Update Jan 1, 2010: See Gargouri, Y; C Hajjem, V Larivière, Y Gingras, L Carr,T Brody & S Harnad (2010) “Open Access, Whether Self-Selected or Mandated, Increases Citation Impact, Especially for Higher Quality Research”
Update Feb 8, 2010: See also "Open Access: Self-Selected, Mandated & Random; Answers & Questions"
Evans, James A. (2008) Electronic Publication and the Narrowing of Science and Scholarship Science 321(5887): 395-399 DOI:10.1126/science.1150473 Excerpt: "[Based on] a database of 34 million articles, their citations (1945 to 2005), and online availability (1998 to 2005),... as more journal issues came online, the articles [cited] tended to be more recent, fewer journals and articles were cited, and more of those citations were to fewer journals and articles... [B]rowsing of print archives may have [led] scientists and scholars to [use more] past and present scholarship. Searching online... may accelerate consensus and narrow the range of findings and ideas built upon."
Evans found that as more and more journal issues are becoming accessible online (mostly only the older back-issues for free), journals are not being cited less overall, but citations are narrowing down to fewer articles, cited more.

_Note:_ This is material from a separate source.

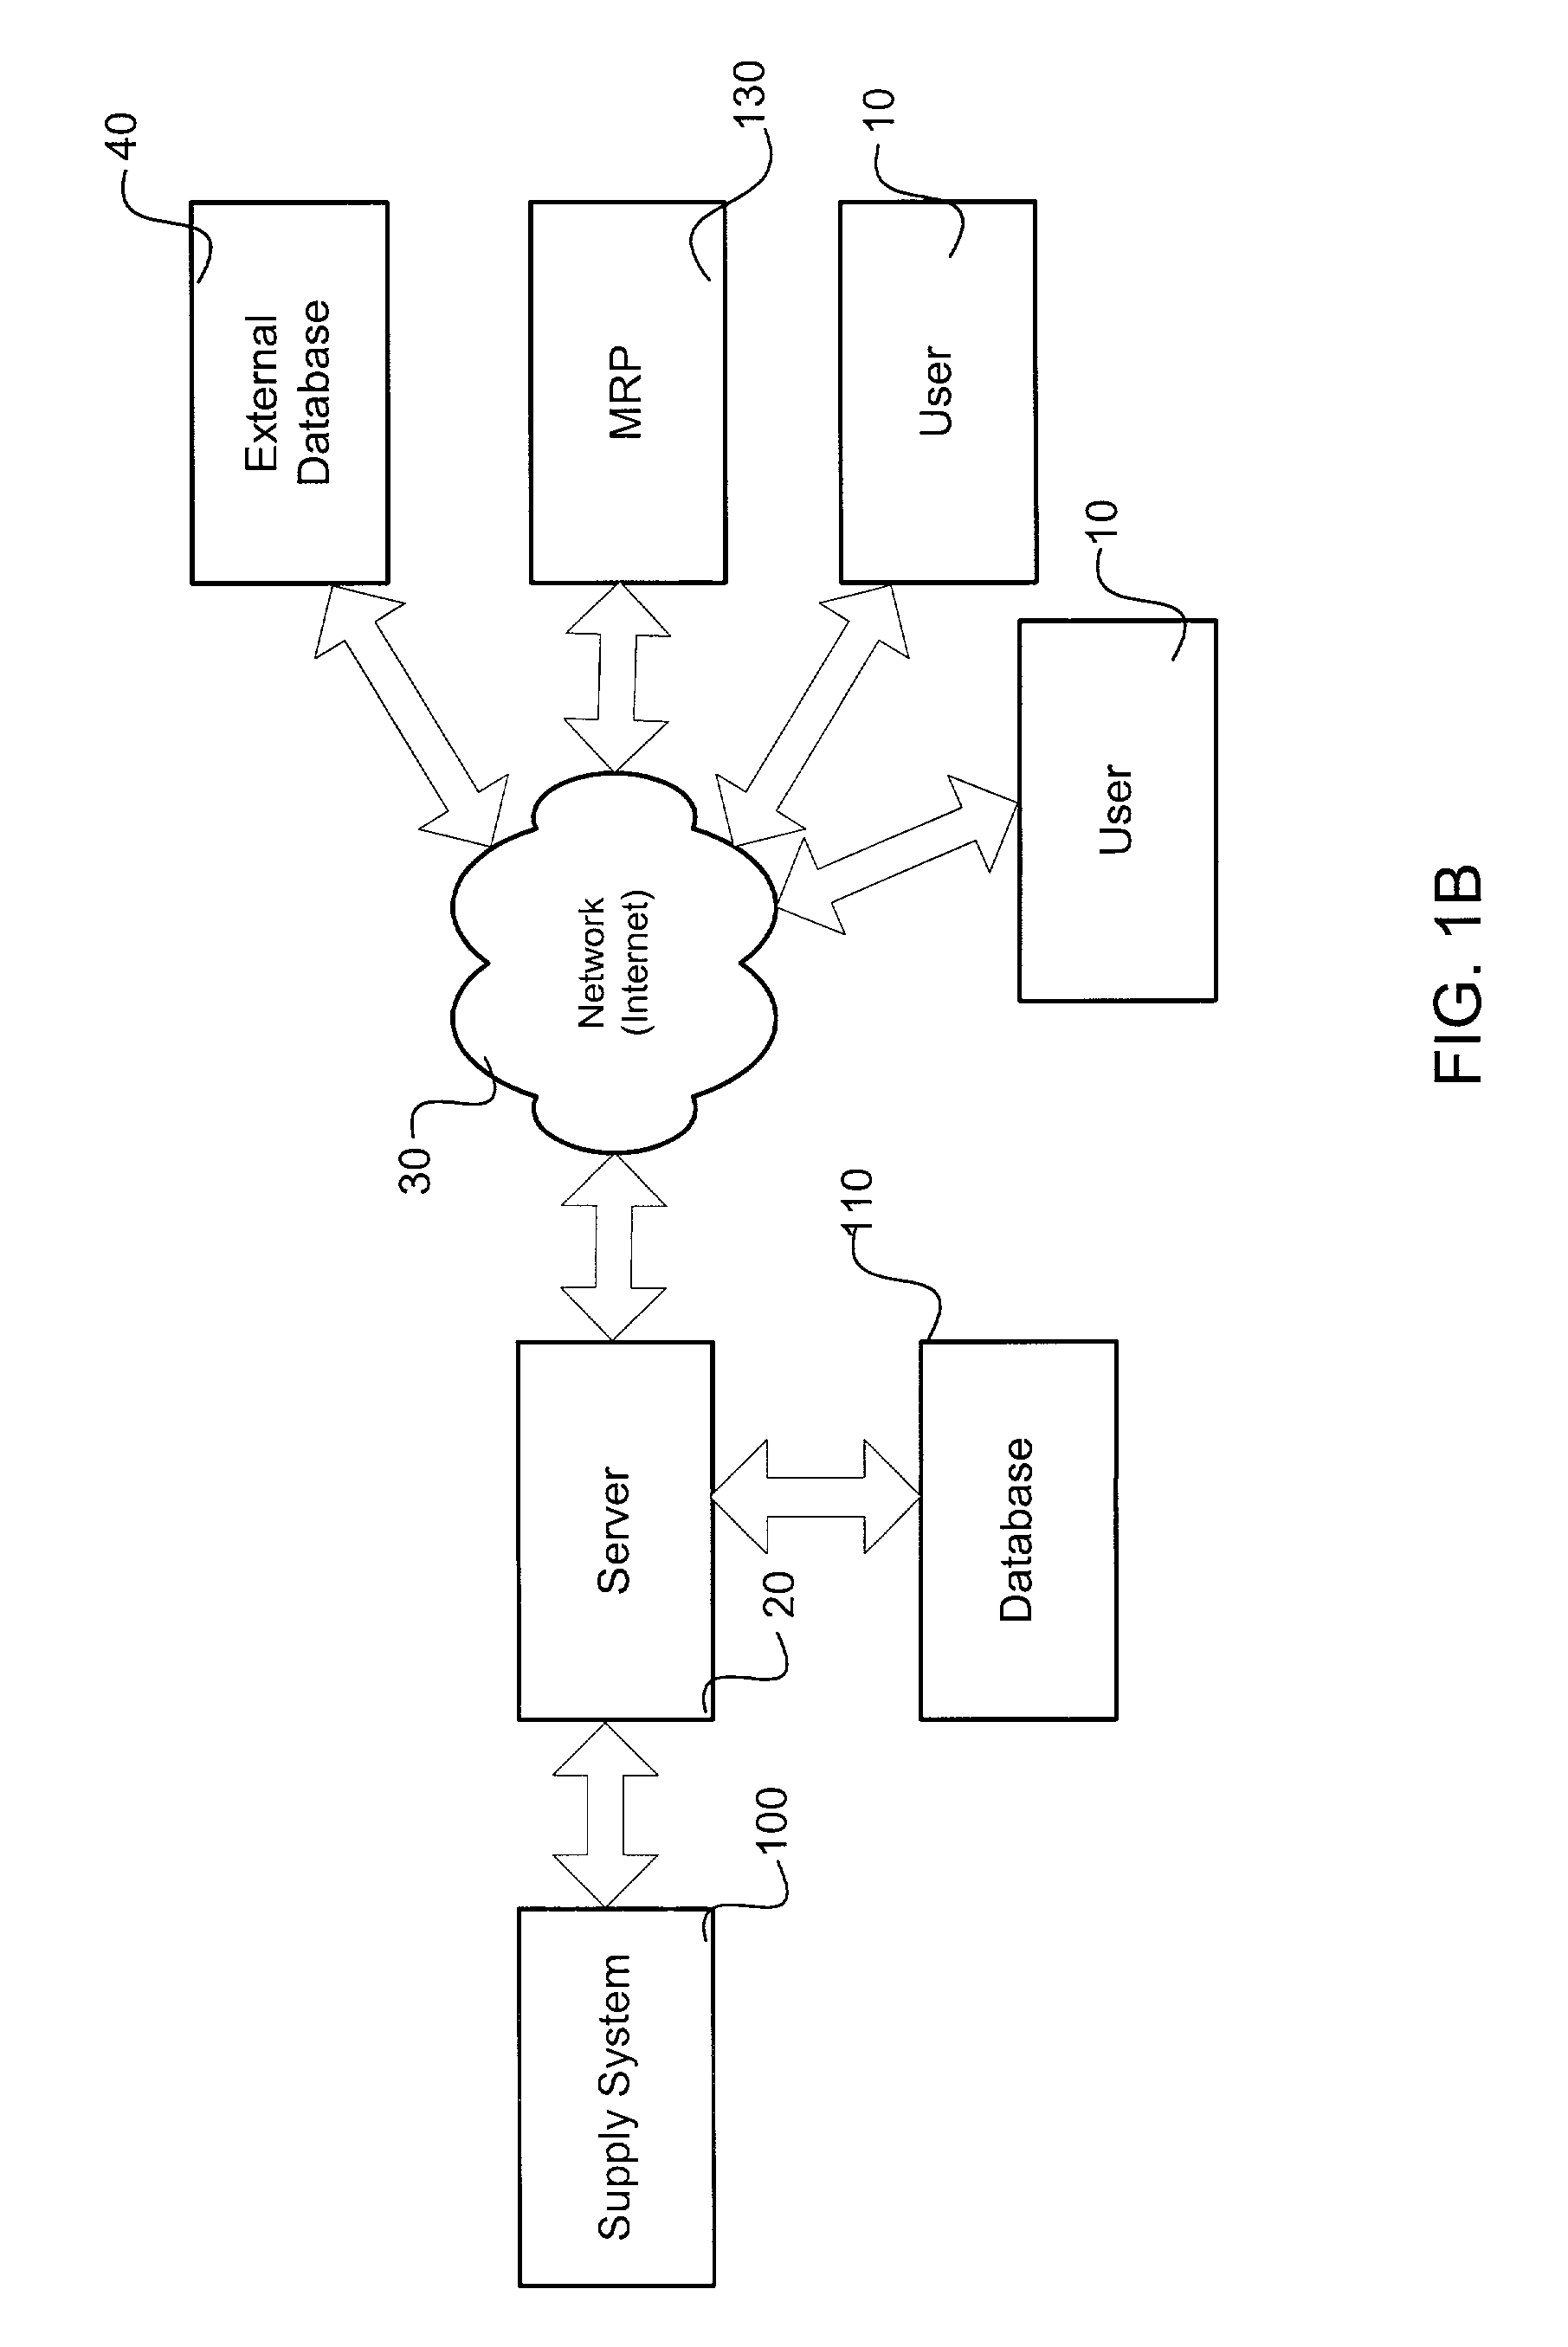 System and method for allocating the supply of critical material components and manufacturing capacity

In one of the few fields where this can be and has been analyzed thoroughly, astrophysics, which effectively has 100% Open Access (OA) (free online access) already, Michael Kurtz too found that with free online access to everything, reference lists became (a little)

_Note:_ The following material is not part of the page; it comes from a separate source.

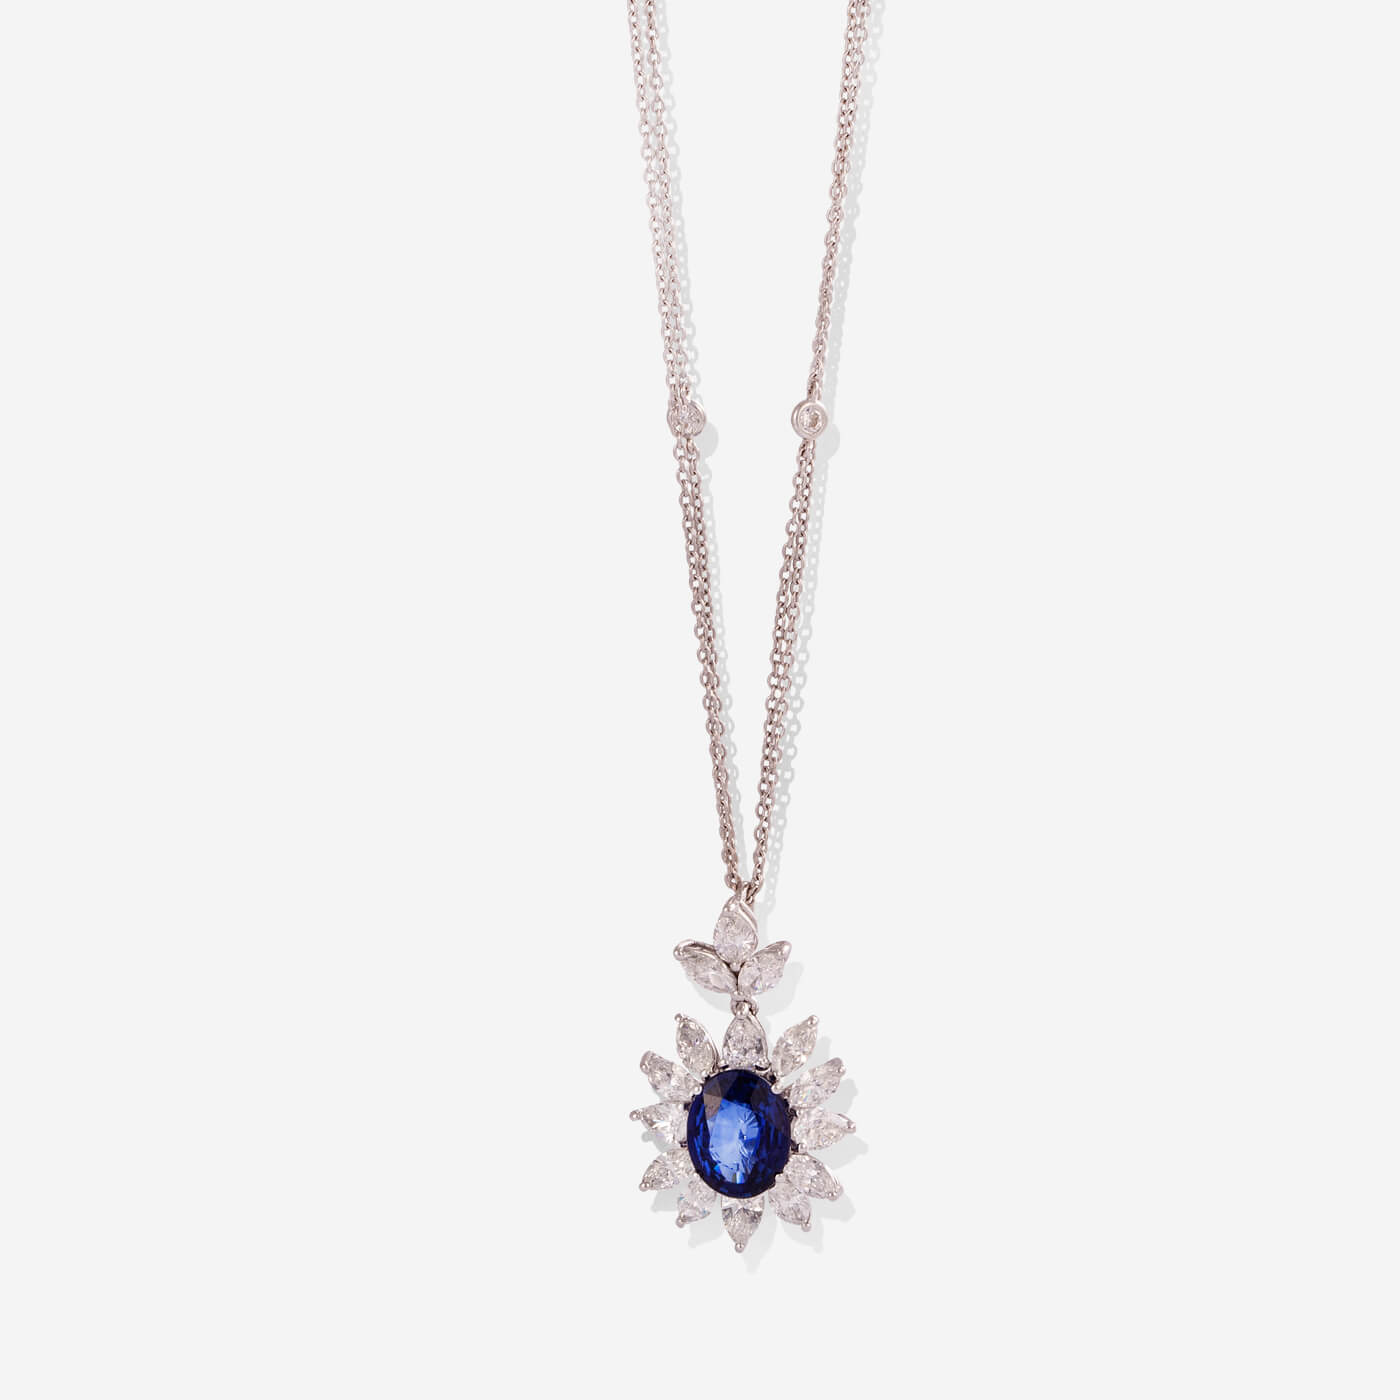 White Gold Flower Sapphire With Diamonds Necklace - Ref: RG03153

shorter, not longer, i.e., people are citing (somewhat)
fewer papers, not more, when everything is accessible to them free online.
The following seems a plausible explanation:
Before OA, researchers cited what they could afford to access, and that was not necessarily all the best work, so they could not be optimally selective for quality, importance and relevance. (Sometimes -- dare one say it? -- they may even have resorted to citing "blind," going by just the title and abstract, which they could afford, but not the full text, to which they had no subscription.)

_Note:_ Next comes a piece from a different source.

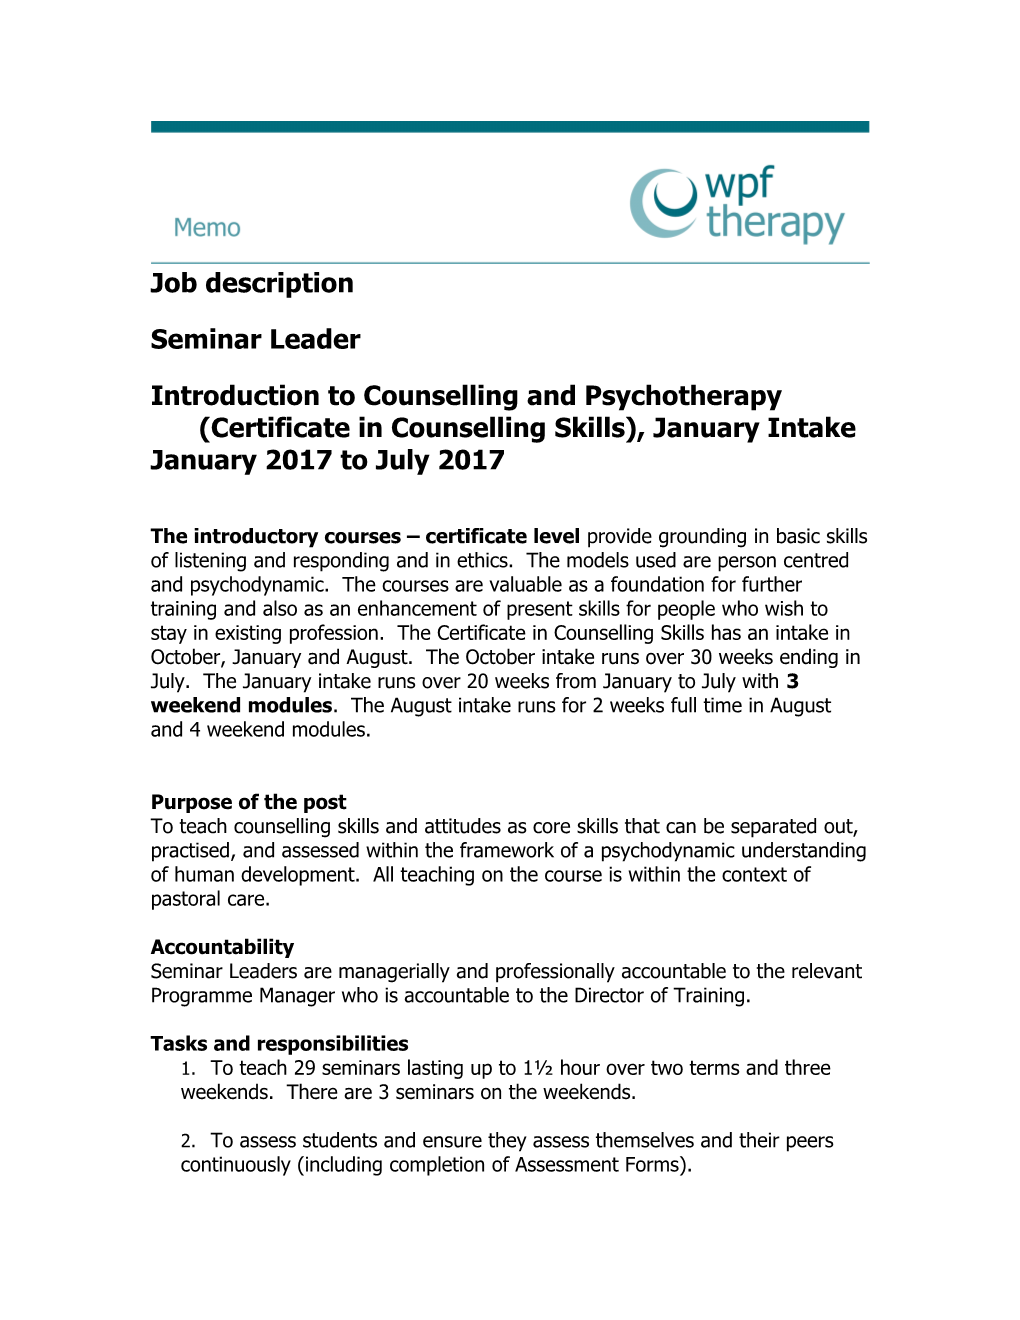 Introduction to Counselling and Psychotherapy (Certificate in Counselling Skills), January

In contrast, when everything becomes accessible, researchers can be more selective and can cite only what is most relevant, important and of high quality. (It has been true all along that about 80-90% of citations go to the top 10-20% of articles. Now that the top 10-20% (along with everything else in astrophysics), is accessible to everyone, everyone can cite it, and cull out the less relevant or important 80-90%.
This is not to say that OA does not also generate some extra citations for lesser articles too; but the OA citation advantage is bigger, the better the article -- the "
quality advantage" -- (and perhaps most articles are not that good!). Since the majority of published articles are uncited (or only self-cited), there is probably a lot published that no amount of exposure and access can render worth citing!
(I think there may also exist some studies [independent of OA] on "like citing like" -- i.e., articles tending to be cited more at their own "quality" level rather than a higher one. [Simplistically, this means within their own citation bracket, rather than a higher one.] If true, this too could probably be analyzed from an OA standpoint.)
But the trouble is that apart from astrophysics and high energy physics, no other field has anywhere near 100% OA: It's closer to 15% in other fields. So aside from a (slightly negative) global correlation (between the growth of OA and the average length of the reference list), the effect of OA cannot be very deeply analyzed in most fields yet.
In addition, insofar as OA is concerned, much of the Evans effect seems to be based on "legacy OA," in which it is the older literature that is gradually being made accessible online or freely accessible online, after a long non-online, non-free interval. Fields differ in their speed of uptake and their citation latencies. In physics, which has a rapid turnaround time, there is already a tendency to cite recent work more, and
OA is making the turnaround time even faster. In longer-latency fields, the picture may differ. For the legacy-OA effect especially, it is important to sort fields by their citation turnaround times; otherwise there can be biases (e.g. if short- or long-latency fields differ in the degree to which they do legacy OA archiving).
If I had to choose between the explanation of the Evans effect as a recency/bandwagon effect, as Evans interprets it, or as an increased overall quality/selectivity effect, I'd choose the latter (though I don't doubt there is a bandwagon effect too). And that is even without going on to point out that Tenopir & King, Gingras and others have shown that -- with or without OA -- there is still a good deal of usage and citation of the legacy literature (though it differs from field to field).
I wouldn't set much store by "
skimming serendipity" (the discovery of adjacent work while skimming through print issues), since online search and retrieval has at least as much scope for serendipity. (And one would expect more likelihood of a bandwagon effect without OA, where authors may tend to cite already cited but inaccessible references "cite unseen.")
Are online and free online access broadening or narrowing research? They are broadening it by making all of it accessible to all researchers, focusing it on the best rather than merely the accessible, and accelerating it.